Some Vietnamese analysts believe that the money may head for Vietnam, one of the most profitable frontier markets.

Nguyen Tu Anh from CIEM noted that the capital outflow from China would be a great opportunity for Vietnam.

If the Chinese stock market continues to fail and the Chinese economy continues to cool down, the trend of investors leaving China would become more apparent. 

Meanwhile, Vietnam is a reasonable alternative destination for investors.

Anh also said that the new policy on allowing foreign investors to hold up to 100 percent of stake in Vietnamese enterprises would encourage foreigners to pour money into Vietnamese stocks.

However, Dr. Le Dang Doanh, a renowned economist, noted that it is still too early to say whether the money would flow to Vietnam.

“I heard some analysts comment that Vietnam would get big benefits from the Chinese stock market turmoil because the investors fleeing from China would bring money to Vietnam.

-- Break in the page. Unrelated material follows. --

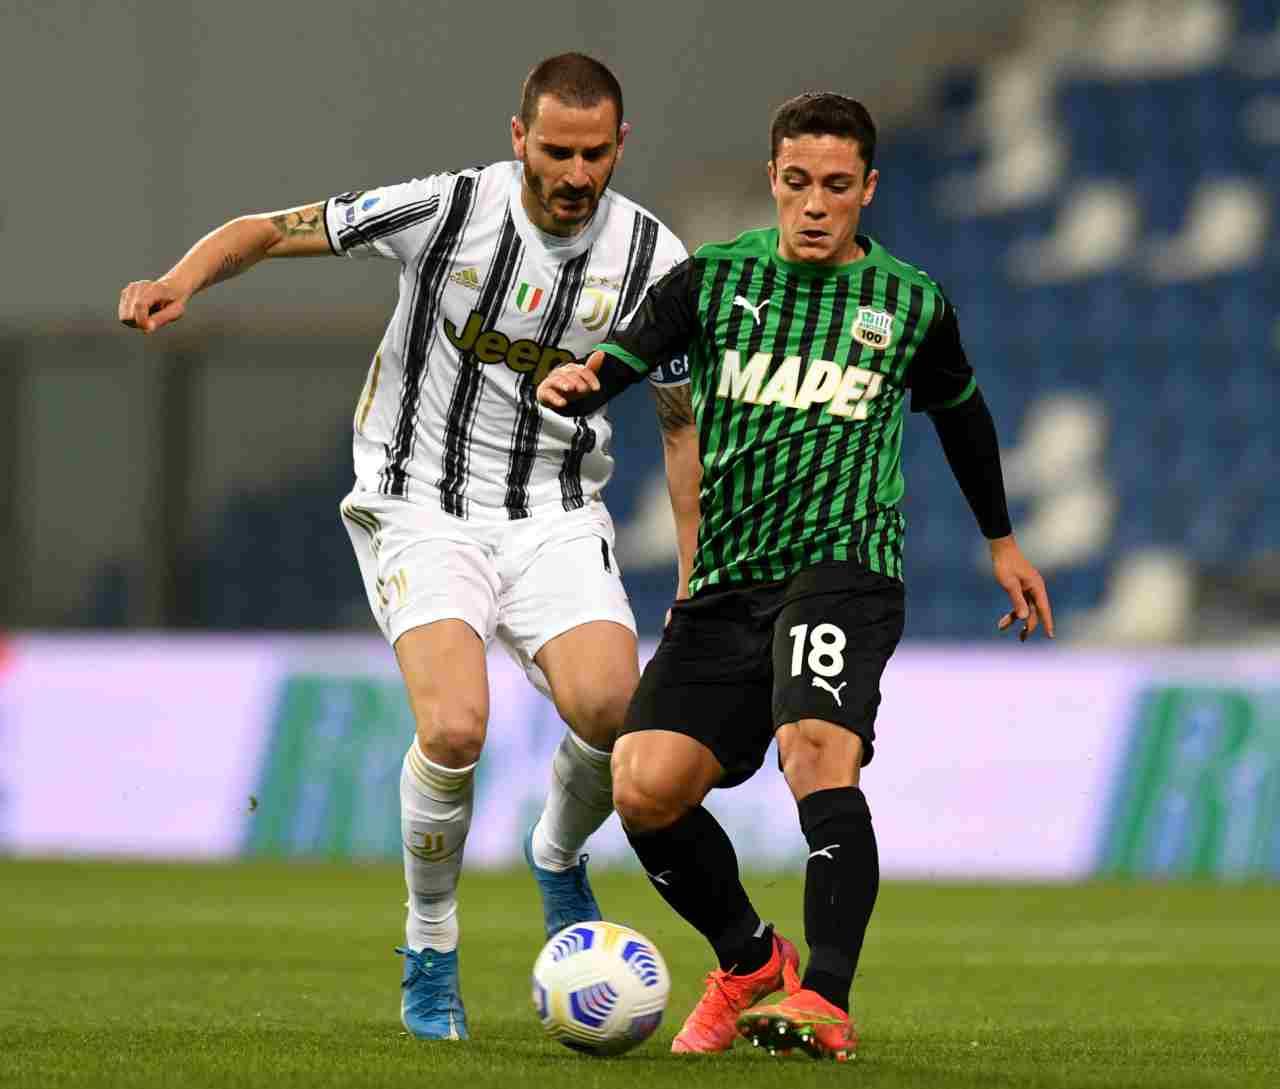 KO Inter Juventus Raspadori

But I am not sure about that,” he said.

Le Hai Tra, deputy general director of the HCM City Stock Exchange (HOSE), said he did not know if the huge capital leaving China would go to Vietnam and when it would arrive. 

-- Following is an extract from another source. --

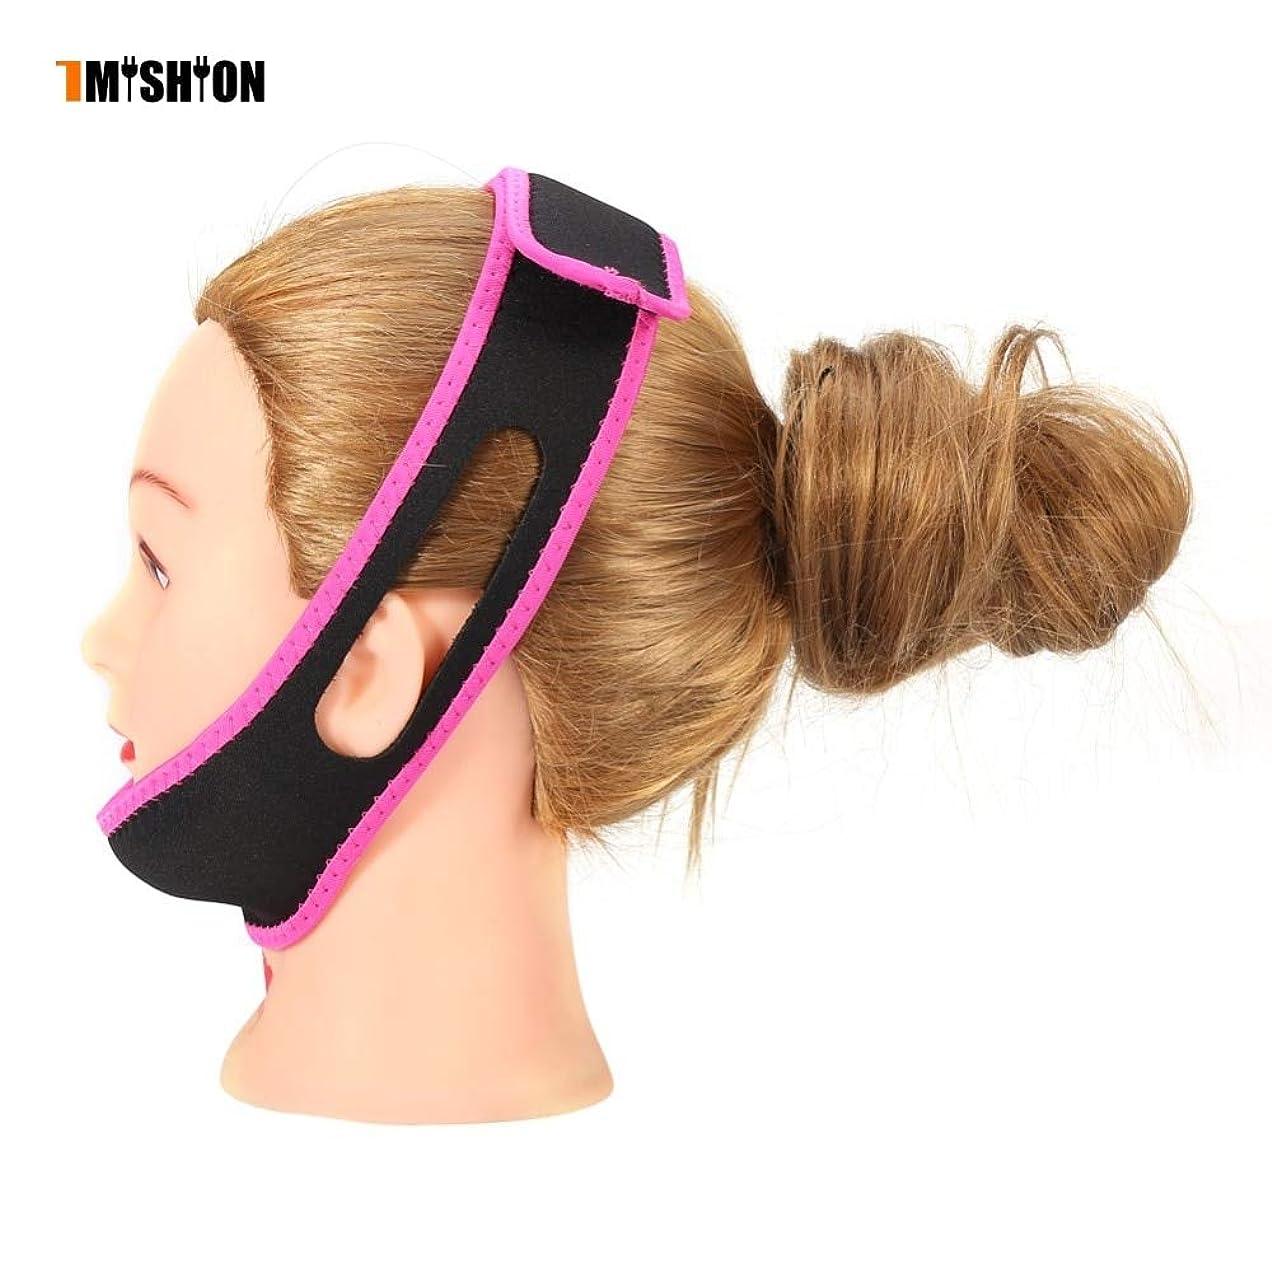 リストエンコミウム頭痛NOTE TMISHION 7色アンチいびきベルト男性女性睡眠マスクアンチいびきベルトいびき止めヘッドバンドチンジョーサポートストラップ

Tra noted that this would depend on investment funds and institutions’ investment policies, though he thinks the new decree on lifting the foreign ownership ratio in Vietnamese businesses could help lure foreign capital to Vietnam.

Meanwhile, an analyst said that one should not entertain any illusion that foreign capital would leave China for Vietnam.

“The capital would not go to Vietnam simply because the Vietnamese stock market remains very small, which cannot absorb trillions of dollars,” he said.

The analyst cited a report of the State Securities Commission (SSC) as saying that the 15-year-old stock market has a capitalization value equal to 32 percent of GDP only, while the figure would be 54 percent if counting the bond market’s capitalization.

“I don’t think big foreign investors will be interested in the Vietnamese market, because they do not intend to disburse small amounts of money,” he said.

Bizlive quoted an SSC senior official as saying that developing the Vietnamese stock market into a larger one with the scale equal to 100 percent of GDP is the most important target for the market management agency.